Avant de parler de l’édit, rappelons un peu le contexte. Le début du 16ème siècle est bien sûr marqué par un événement majeur : la Réforme religieuse initiée par Luther. Celle-ci fait «boule de neige» et se propage dans toute l’Europe. En France, elle se développe surtout sous sa forme calviniste (Jean Calvin). Au départ, le pouvoir n’intervient pas. La sœur du roi, Marguerite de Navarre, est elle-même très proche des idées de la Réforme et protège le «groupe de Meaux» (2).

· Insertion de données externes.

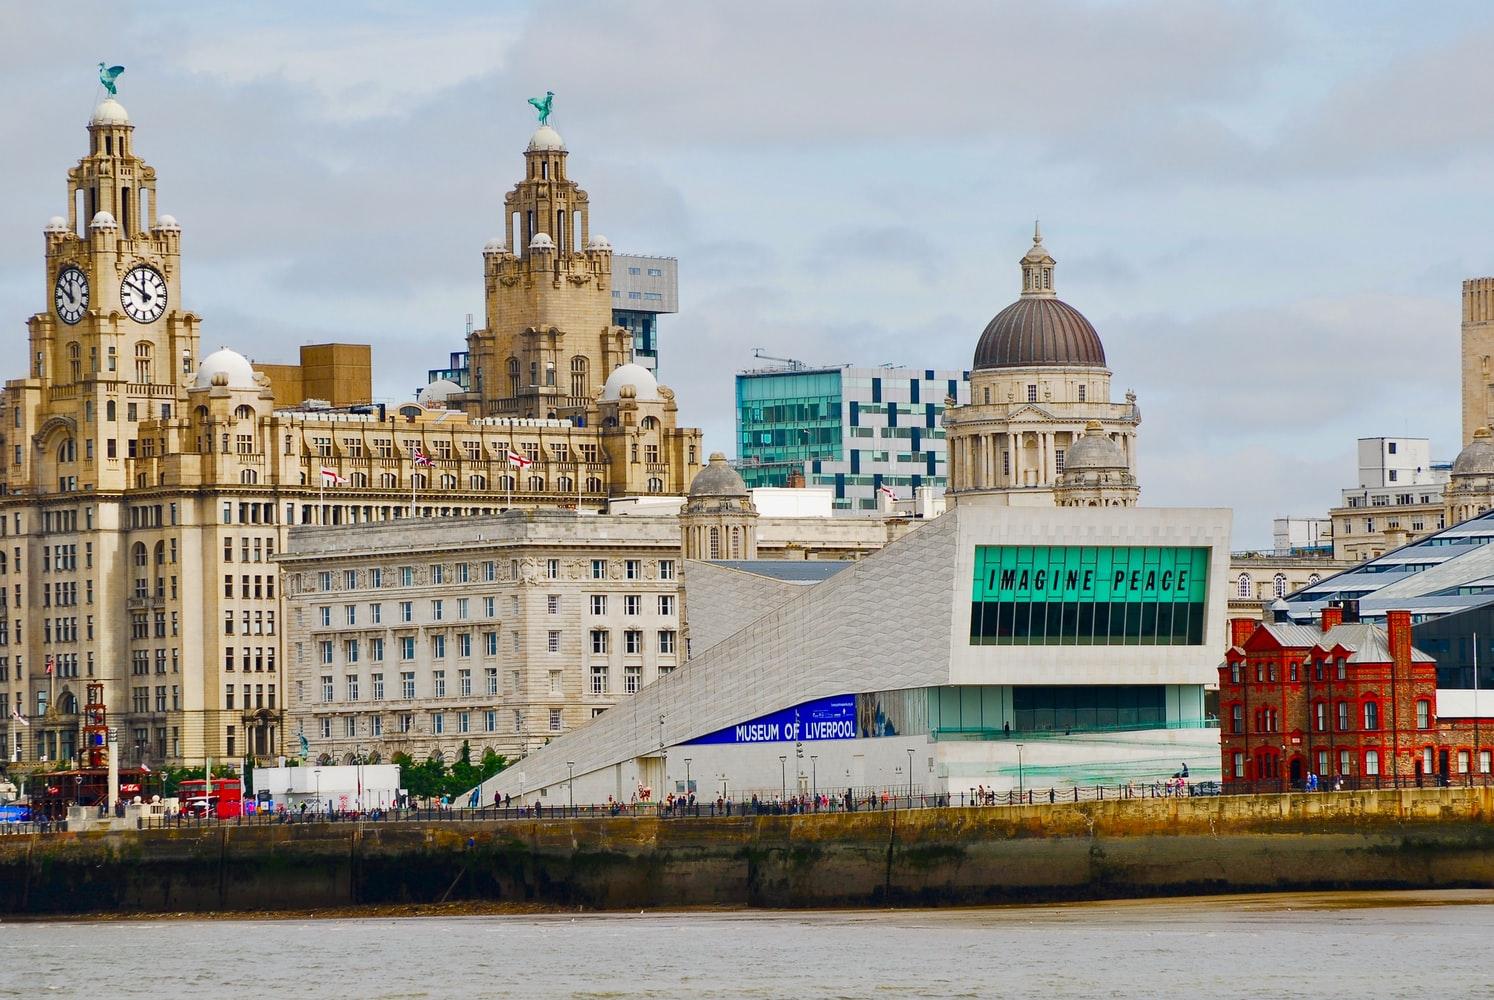 O que visitar em Liverpool
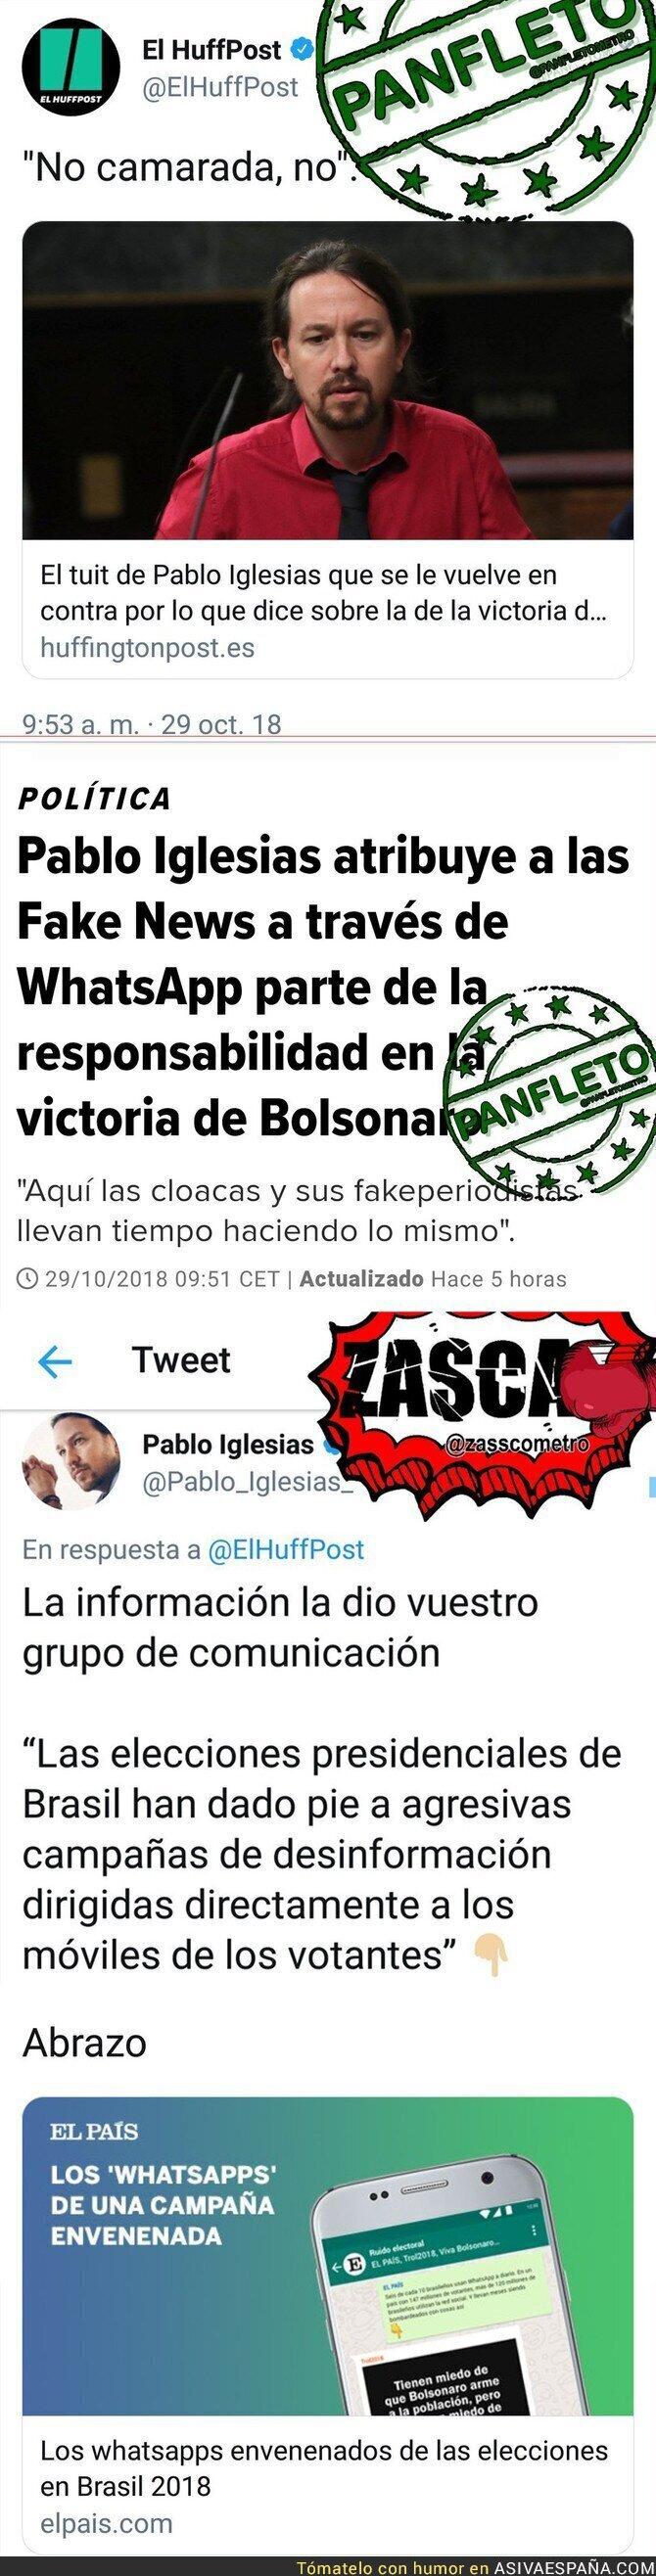 96475 - Pablo Iglesias le pega un revés a 'El HuffPost' con una noticia sobre las fake news

Les choses changent avec « l’affaire des placards», qui n’a rien avoir avec un problème de mobilier. Il s’agissait d’affiches que des protestants placardaient un peu partout, jusque sur la porte de la chambre royale. François Ier, jusque-là peu regardant, ne pouvait pas tolérer une telle provocation.

Par ailleurs, de plus en plus de nobles étaient gagnés aux idées de la Réforme, et dans un monde où religion et politique sont entremêlées, ce genre d’affaire peut très vite dégénérer. C’est ainsi que commence une véritable guerre civile franco-française. En réalité, il faudrait parler de guerres civiles (au pluriel). Car loin d’être une guerre continue, il s’agit plutôt d’une série de guerres entrecoupées d’édits de pacification, pas moins de 8 au total (sans compter celui qui nous intéresse) : 1562, 1563, 1568, 1570, 1573, 1576, 1577, 1580.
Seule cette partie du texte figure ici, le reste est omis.